Posts by DH2VA

    I was planning to carve a lens to be fitted in front of my LNB, to improve efficiency. The material I was planning to use is wax. Candle wax. Wax being a good dielectric, losses should be low, I hoped.

    High frequency dielectric is characterized by both dielectric constant (the famous epsilon) and the dissipation factor or dielectric loss tangent (often quoted as tan-delta).

    I would be very surprised to see a measurement for candle wax as its composition is anything but well defined. At best you could try to find it out for paraffin, but given its low melting point of 37degC, I would not recommend it for use in a feed.

    Teflon is easily available, is well documented and has excellent properties at high frequencies. Try to carve a lens based on Willi's drawing.


    https://rfantennas.wordpress.c…-dualband-feed-vergleich/


    I just did so and upgraded my home setup to a POTY type with a teflon lens. No drop in RX performance compared to LNB-only setup (transponder noise still ca. 4dB above thermal noise on my 88cm dish) but I have now a TX feed in focus (wasn't the case up to now). More news next weekend at the UKW-Tagung in Weinheim.

    The key phrase is here:

    for NB, a 60cm dish with optimal alignment and suitable feed

    we have seen many instances where a botched setup (bad feed, misalignment, ...) lead to bad performance which people believe that a big dish is required. Or even worse, they complain about downlink not working and just use any WebSDR.

    On the other hand (and this pleases me a lot!) many OMs recognize that improvements are possible and tweak the living daylights out of their system. That's what hamradio is all about.

    But if a station sends a weak signal to the satellite, let's say 100 mW and a 60 cm dish.

    The transponder will output it with a small signal/noire ratio. Let's say 5 dB,

    Will I be able to decode this better with a larger dish?

    no because the received signal will be uplink-limited and not downlink-limited.. Nothing you can improve here even with EME-type antenna on downlink.

    G0MJW we do have a link budget with is in very good agreement with the observed performance. But as you feared, this has too much NDA'ed information in it and for the sake of staying clean, I will not publish any numbers myself (sorry for being paranoid).

    However, if anybody else is generating a spreadsheet which can be verified by the QO100 community, there is nothing we can do about...

    My guess: dBFS (full scale). Whatever your RX is, 0 dBFS is ADC just saturating so you want to keep well clear of that. In general, dBm scale for QO100 is rather meaningless, as there are too many variables which influence it.

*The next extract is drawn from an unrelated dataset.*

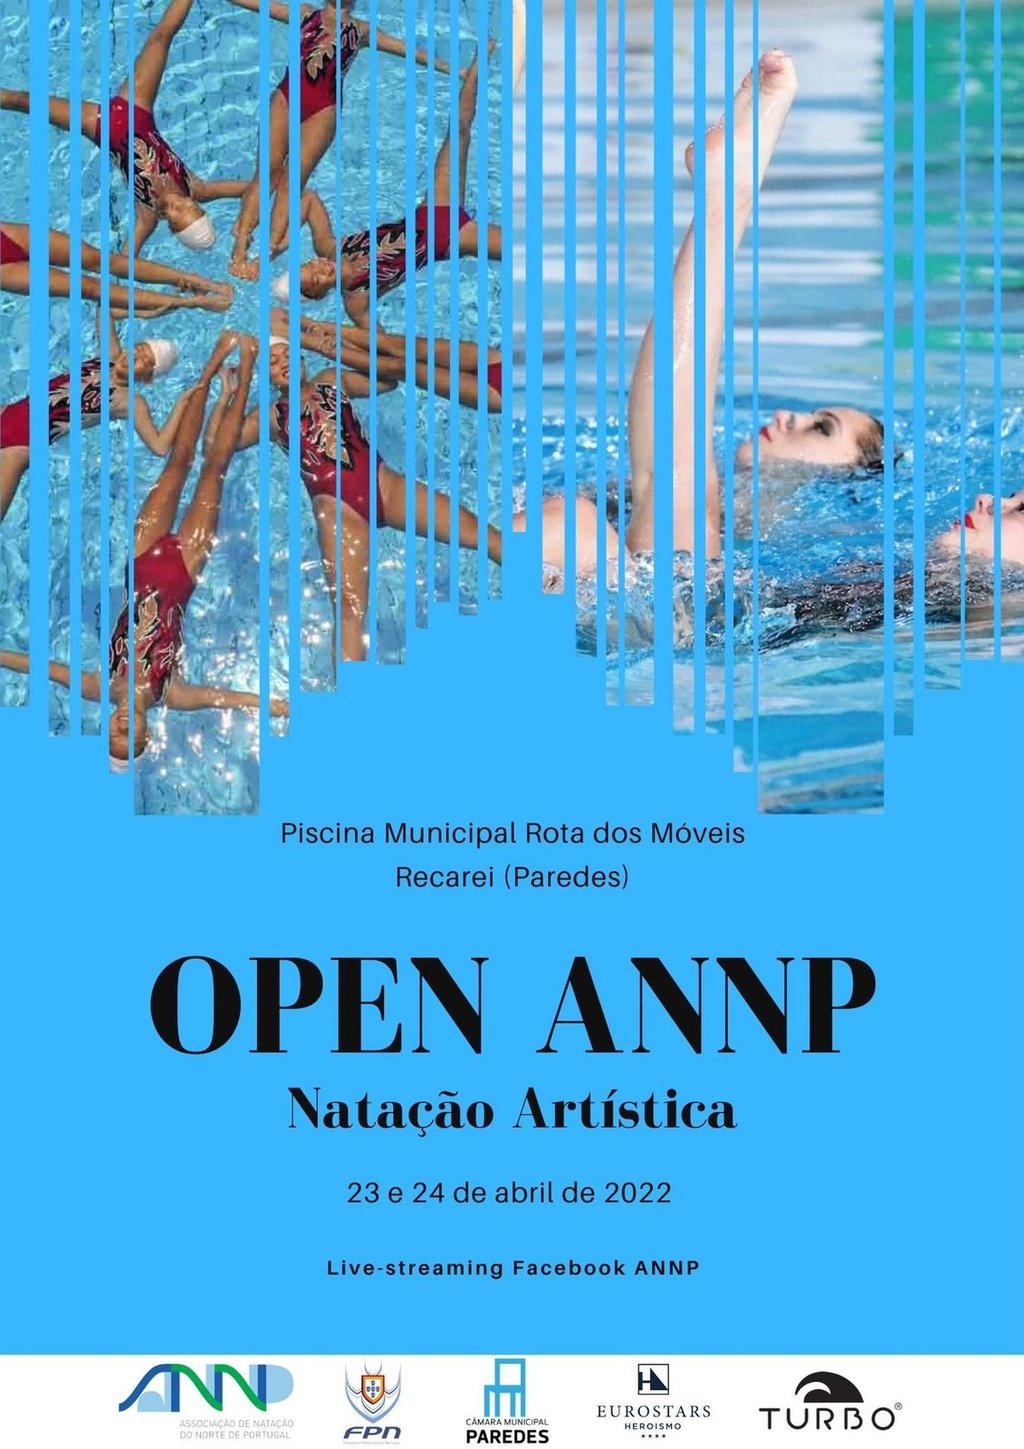 OPEN ANNP - Natação Artística

    Just a remark on the Tc: having the GPSDO optimizing its Tc is a great thing but the conclusion that higher Tc automatically means 'better OCXO' is only partly true.. it can also mean 'shitty GPS receiver' as the control loop needs to average longer to benefit from the GPS information.

    When developing such a system myself some time ago, I could easily go down 10x with Tc (while keeping performance) once I included the sawtooth correction from a proper timing receiver. See also www.gpstime.com from Rick Hambly W2GPS (former AMSAT-NA president).

    140W CW is single tone performance.. call it P1dB. 30W is W-CDMA performance with a specified ACPR (adjacent channel power ratio) of -41dBc (according to datasheet). So the 30W is more likely the usable DVB-S2 power in our situation.. which incidentally is about -6dB of the CW output power. Seems to be a good rule of thumb according to the BATC experts.

    Is the yellow mating piece electrically conductive? It should be otherwise you lose quite some signal.. there has to be currents flowing in the walls of the waveguide..

    Thanks for your predisposition PA3FYM and DH2VA!

    More less! The exact description would be: Developing a link budget tool and use DH2VA spread sheet and ES' Hail Sat 2 to validate it!

    I have been working with this famous spreadsheet! Right now I am stuck because I do not really know what is the the current state of QO-100: Output power, back-off, #of channels... Do you know where I can find this data?


    Thanks :) !

    All credits for this spreadsheet go to Jan King, W3GEY... I am a mere user. About the QO-100 data, I am afraid all of these parameters are confidential due to NDA.